Upregulated Mitochondrial Phosphoenolpyruvate Carboxykinase2 Promotes Inflammatory Responses in Kupffer Cells
Based on the aforementioned observations, we decided to further investigate the potential role of PCK2 in inflammatory responses. Firstly, 3MP, which inhibits of PCK2, was used to block the function of PCK2. We found that 3MP strongly inhibited LPS-induced PCK2 activity in a dose-dependent manner (Figure 4A). After 3MP administration, LPS-induced cytokines expression and production such as IL-6, MCP1, and IL-10 were significantly decreased (Figures 4B,C). Similarly, siRNA-specific knockdown of PCK2 also reversed LPS-induced cytokines production (Figures 4D–F). Moreover, we overexpressed PCK2 in Kupffer cells and found that the mRNA expression of pro-inflammatory cytokines including IL-1β, IL-6, and TNFα was significantly upregulated. However, the expression of anti-inflammatory cytokine IL-10 was not altered (Figures 4G–I). These results suggest that upregulation of PCK2 promoted inflammation in Kupffer cells.
FIGURE 4. PCK2 promotes inflammatory responses in Kupffer cells. (A) The enzyme activity of PCK2 was measured after 3MP treatment in Kupffer cells. (B) The mRNA expression of cytokines including IL-6, MCP1, and IL-10 was measured by real-time PCR. (C) The production of cytokines in the medium was measured by cytometric bead array (CBA) after 3MP treatment. (D) The protein expression of PCK2 was determined by Western blot after siRNA knockdown. (E) The mRNA expression of IL-6 and IL-10 was measured by real-time PCR after PCK2 knockdown. (F) The production of cytokines was determined by CBA after PCK2 knockdown. (G) The protein expression of PCK2 was determined by Western blot after vector transfection. (H) The mRNA expression of cytokines including IL-1β, IL-6, TNFα, and IL-10 was measured by real-time PCR. (I) The production of cytokines was determined by CBA after PCK2 overexpression (PCK2 OE). Values are mean ± SEM. *p < 0.05, **p < 0.01. values with different superscript letters mean significant differences.

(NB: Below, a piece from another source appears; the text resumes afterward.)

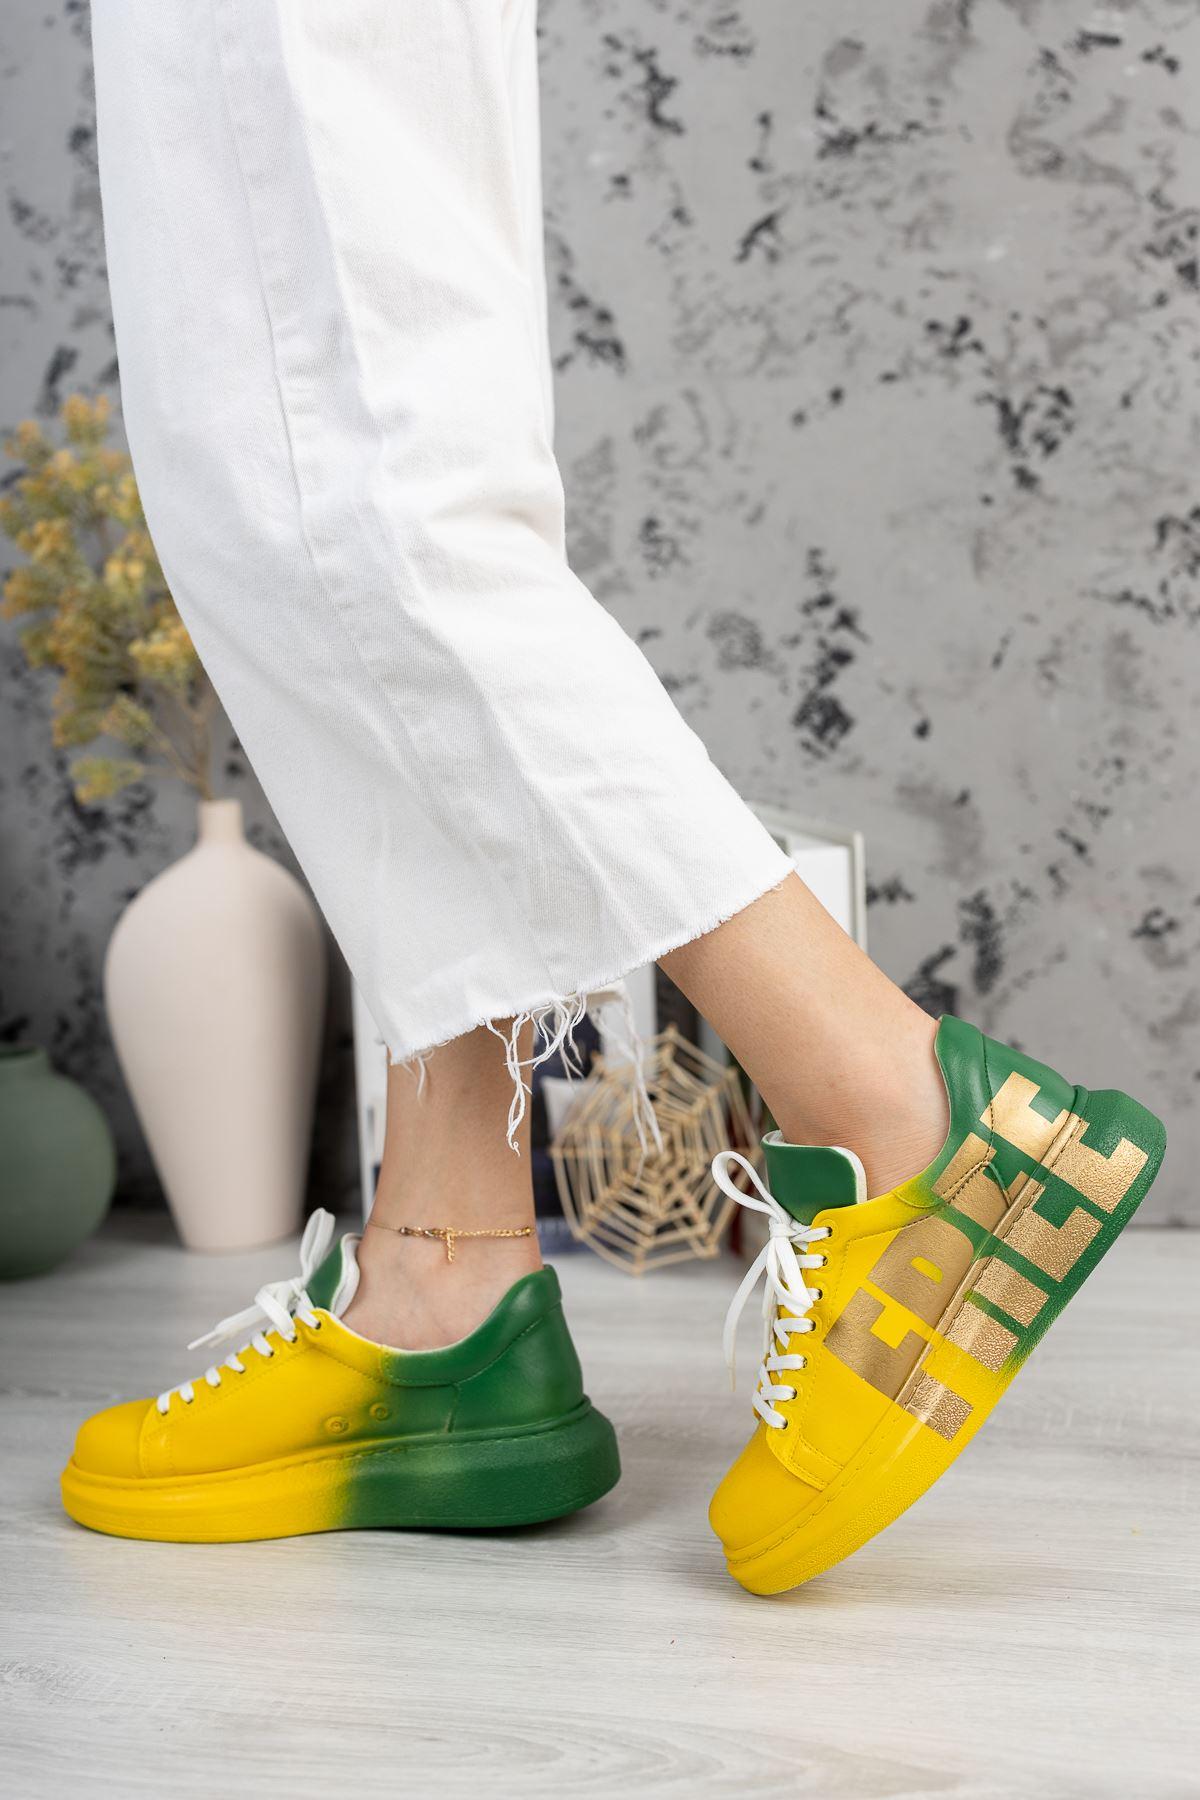 Chekich CH254 BT Kadın Ayakkabı 432 SARI / YEŞİL FREE
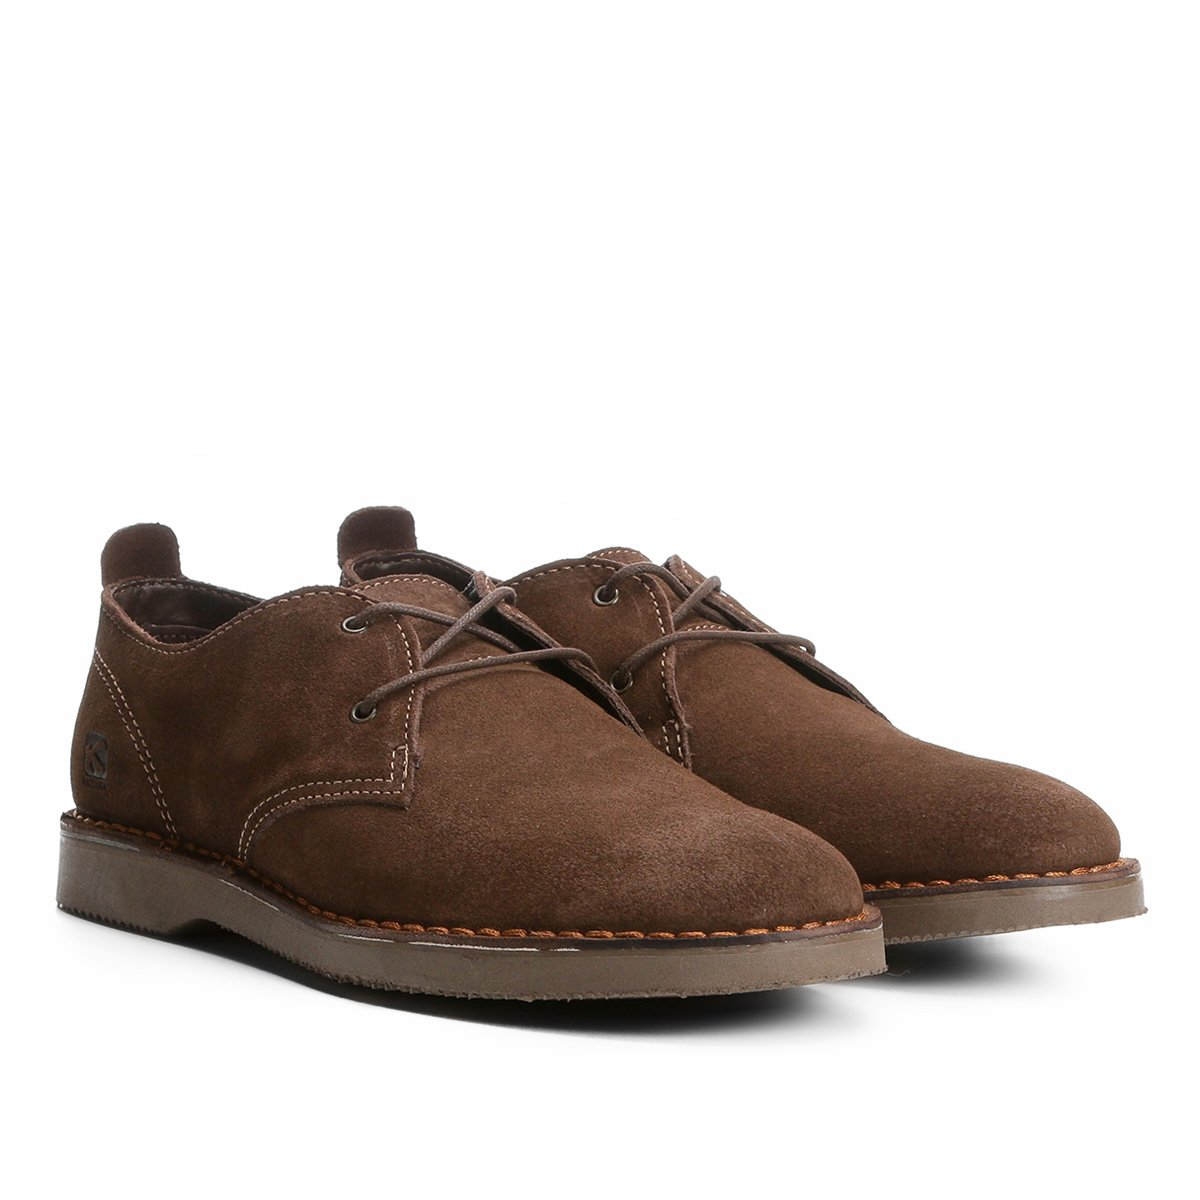 Sapato Casual Couro Kildare Filey Camurça Masculino

Mitochondrial Phosphoenolpyruvate Carboxykinase2 Promotes Inflammation via Modulating Protein Phosphorylation of NF-κB and AKT/MAPK Signaling Pathways
To elucidate the potential mechanisms of PCK2 in the regulation of inflammation, we examined several signaling pathways associated with macrophage activation. Similarly, pharmacological inhibition, knockdown, or overexpression of PCK2 were performed. The transcription factor NF-κB is a master regulator of the inflammatory response and LPS-stimulated phosphorylation and nuclear translocation of p65 NF-κB have been well documented. In this study, we found that inhibition of PCK2 by its inhibitor or siRNA, significantly decreased phosphorylated p65 NF-κB as well as IKK α, which control the translocation of p65 NF-κB (Figures 5A,B). On the contrary, PCK2 overexpressed in Kupffer cells induced p65 NF-κB phosphorylation and nuclear translocation (Figures 5C,D).
FIGURE 5. PCK2 promotes inflammation via regulating NF-κB activation. (A) The total protein expression of IKKα, p-p65, and p65 was determined by Western blot after 3MP treatment. (B) The total protein expression of IKKα, p-p65, and p65 was determined by Western blot after PCK2 knockdown. (C) The total protein expression of p-p65 and p65 were determined by Western blot after PCK2 overexpression (PCK2 OE). (D) Representative fluorescence images of p65 nuclear translocation in Kupffer cells after PCK2 overexpression (PCK2 OE). (scale bar: 10μm). Values are mean ± SEM. *p < 0.05, **p < 0.01.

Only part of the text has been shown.